It was never a question of can we build it, Machowski recalls. That was a given. The question was, where to get the wood. Live oak was critical to the strength of the hull, and live oak was a protected tree, wood that was tough to come by.
One Friday, Machowski turned back up after a few weeks working offshore and two scavenged live oak trunks sat in the boatyard, courtesy of regular Charlie Sneed. The next question was, where do we get more?
The other question that never really came up was, can we afford this? The boat would get built if it came down to a few guys working weekends. But keeping her sailing would be another question. Tall ships are replicas of historic vessels, requiring period piece equipment and tons of elbow grease.
The rule of thumb is $1 million per year, that’s what you spend just to maintain the craft. That’s where most efforts fall apart and that’s why too many tall ships today float mostly at moorings, disused and weathered, little more than tourist eye candy. Everybody at Bayne’s boatyard knew that; nobody doubted they could pull it off anyhow.
The ceremonial keel was laid in 2001 and people came out of the woodwork to help. Bullock, himself a boatwright doing restoration work downtown on a church bell tower, saw the huge keel in the Ansonborough field and gravitated to it. He would grab sushi and an orange juice for lunch, go sit by the keel and run his eyes over it while he ate.
“I thought, wow,” he said. “That’s going to be a ship. Where is it going?” When the restoration job was done, he walked up to Bayne and told him, “Give me a job. I want to build the Spirit of South Carolina.”
Reg Brown, a retired manufacturer’s representative and a lifelong sailor, saw the newspaper ad and thought volunteering would be neat. He helped as two huge slabs of Angelique wood were fitted together for the keel, “then I came back and came back.”
There were more than 200 others, some paid, most not. They couldn’t have been more different. Bullock is quiet, Brown voluble. Machowski is a story-teller. They shared the passion for what Bullock called a once-in-a-lifetime endeavor for a sailor.
Nearly all the live oak ribs were set when the effort ran out of money the first time. The foundation brought in new management and fundraising, and it recovered.
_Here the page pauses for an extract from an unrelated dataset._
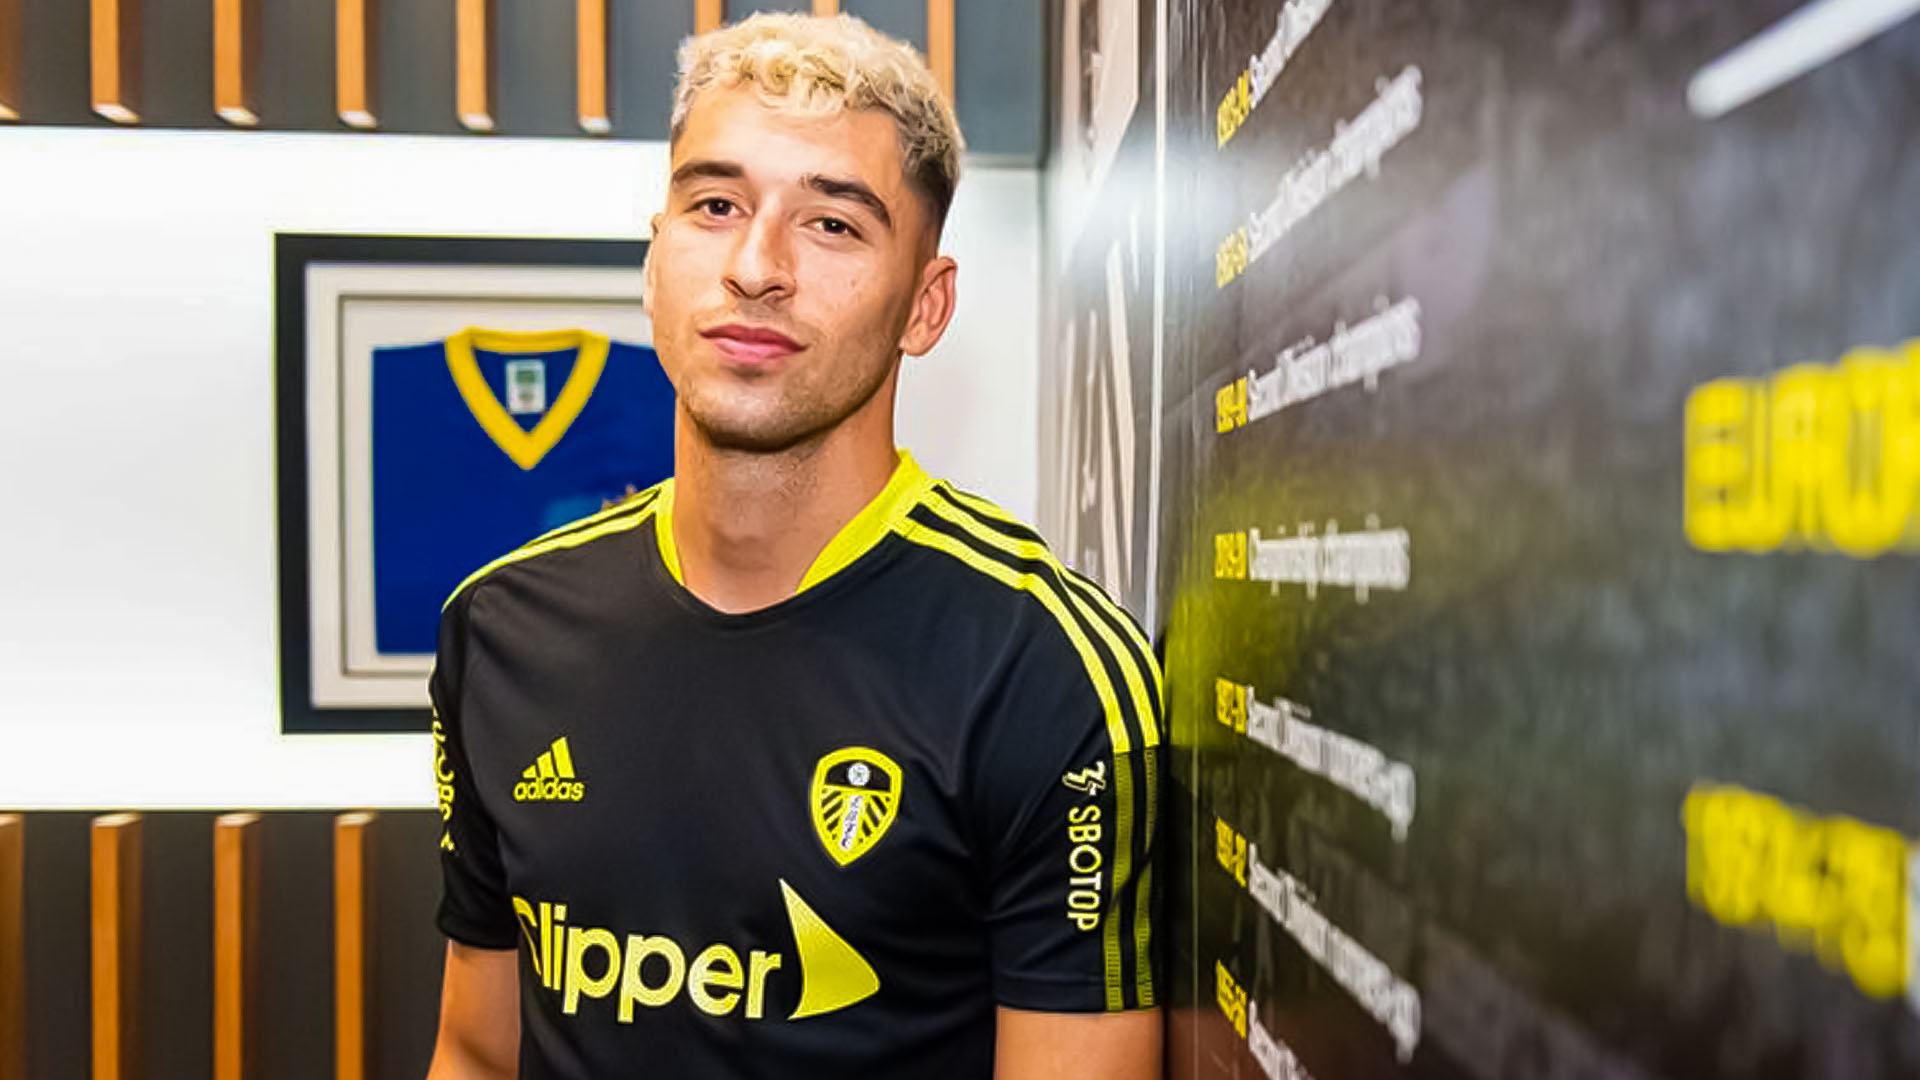 Leeds United sign Marc Roca on a four-year deal worth £10million

There’s another rule of thumb to building tall ships, Brown will tell you only half-kidding. You can raise the money first and it will take 10 years. Or you can raise the money as you go, and it will take 10 years. Somewhere along the line, the decision was made to take out a sizable loan, to speed up that 10-year timeline.
The Spirit was launched in 2007 to a cheering throng and a harbor full of boats honking horns. It was a beauty, a 140-foot-long two-masted pilot schooner on the design of a 19th century Charleston-built vessel that was considered the fastest of its time.
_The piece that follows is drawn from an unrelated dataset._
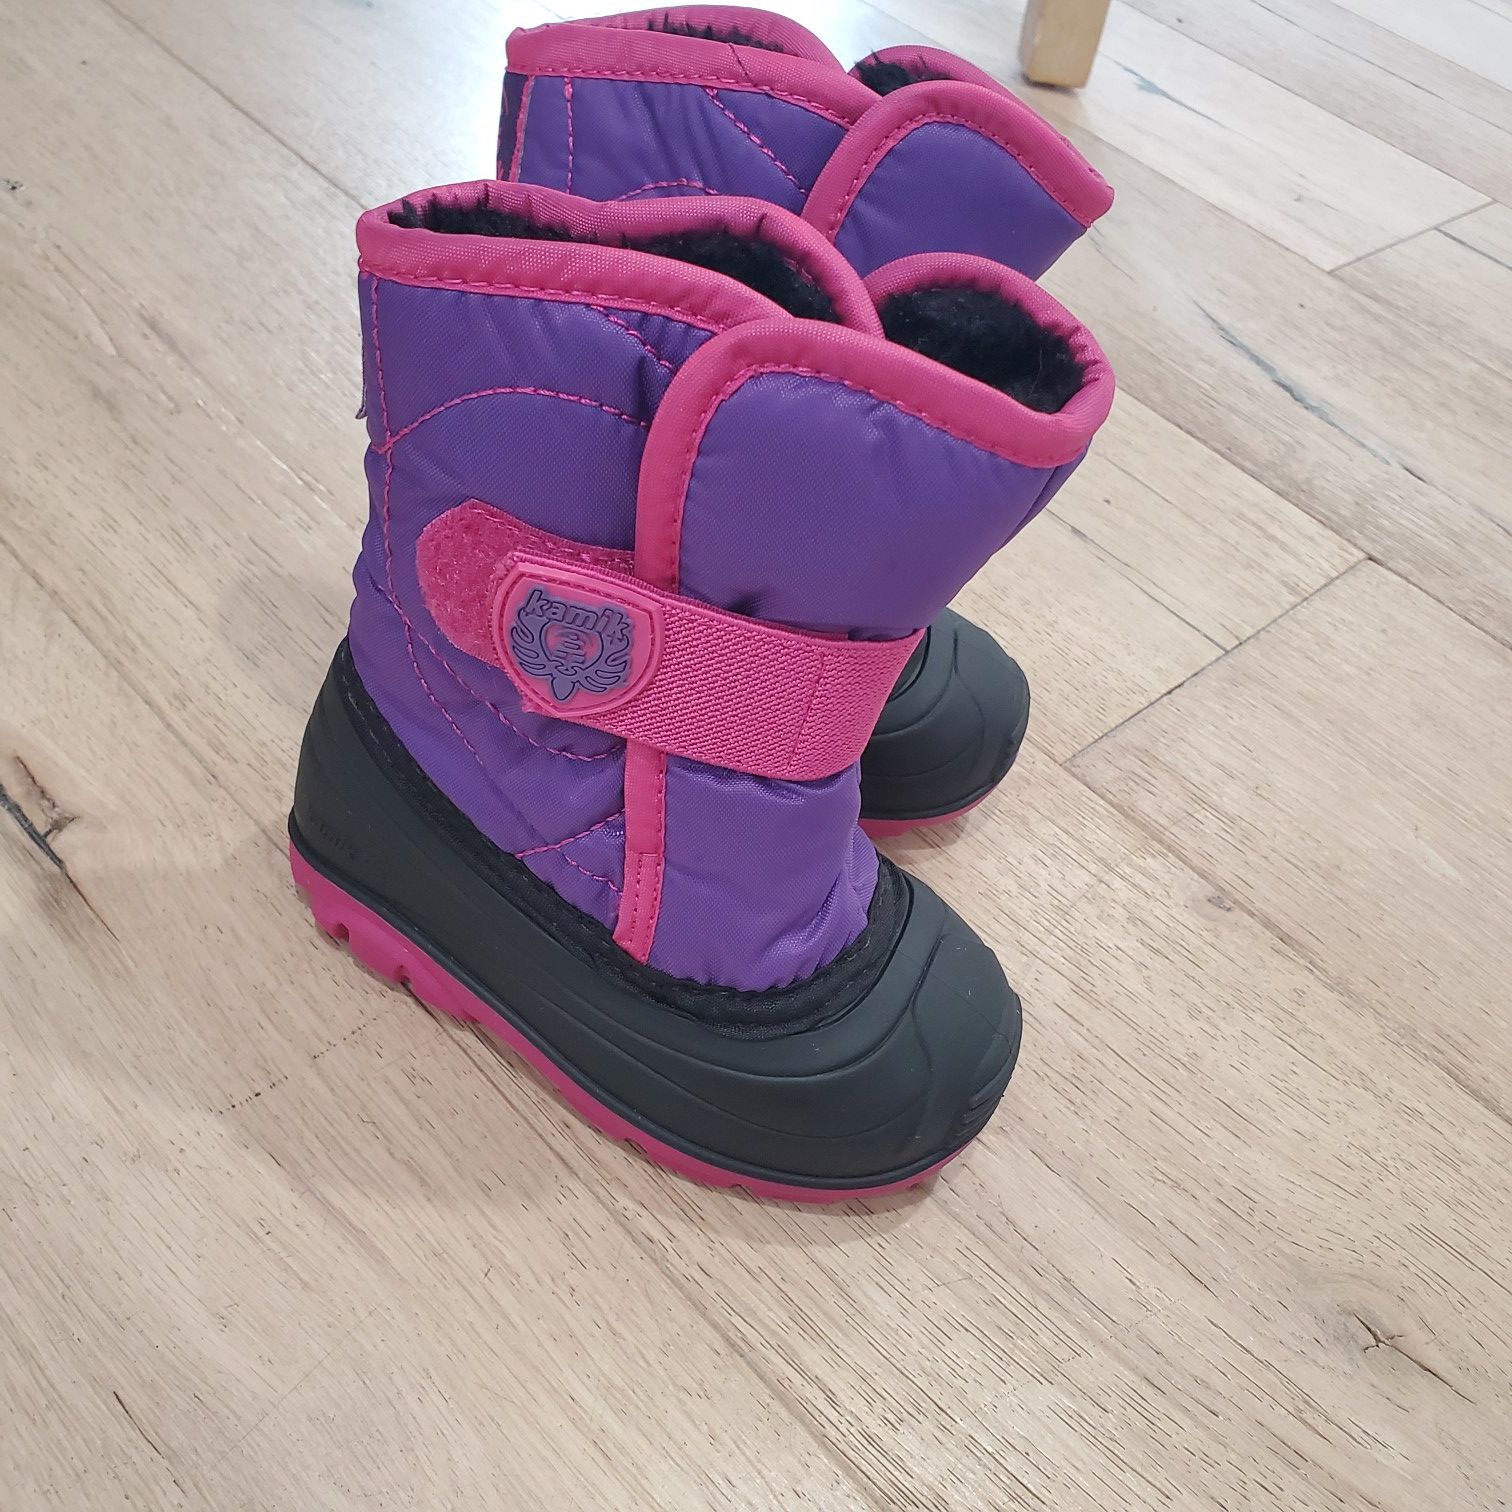 Baby girl Kamik snow boots size 6 toddler

During construction, the volunteers had learned the 19th century craft had been designed on the lines of the America, the first ship to win racing’s prestigious America’s Cup in 1851. They were literally building a replica of a masterpiece.
“We knew then it was fast,” Brown said. They also knew the effort had taken a different turn and would start out mostly running day trips in Charleston Harbor. That didn’t set well with them. “She’s a thoroughbred made to go offshore,” Machowski said. “The concept from the beginning was she was going to sea.”
They didn’t know that by the time the keel touched water, the effort to do that was leaking dollars. It was making enough money to operate but not enough to retire the debt. That blindsided them.
But they didn’t give up, even after the foundation collapse. They kept up their ship in hundreds of ways. To this day, Machowski keeps a list of volunteers still involved — about 40 who will turn out for day-to-day work and more than 100 who will turn out on occasion.
One of the volunteers, Troy LeBoeuf, moved aboard, and when he wasn’t at his day job, he spent the time swabbing the decks, running the bilge pumps, rubbing the mahogany rail with Australian timber oil — any one of the endless chores to keep the beauty shipshape.
Among other efforts, they raised pledges for something like three-quarters of a million dollars and made an unsuccessful pitch to the bank to buy it. Heartsick when the decision was made to auction, they made frantic calls to draw local bidders.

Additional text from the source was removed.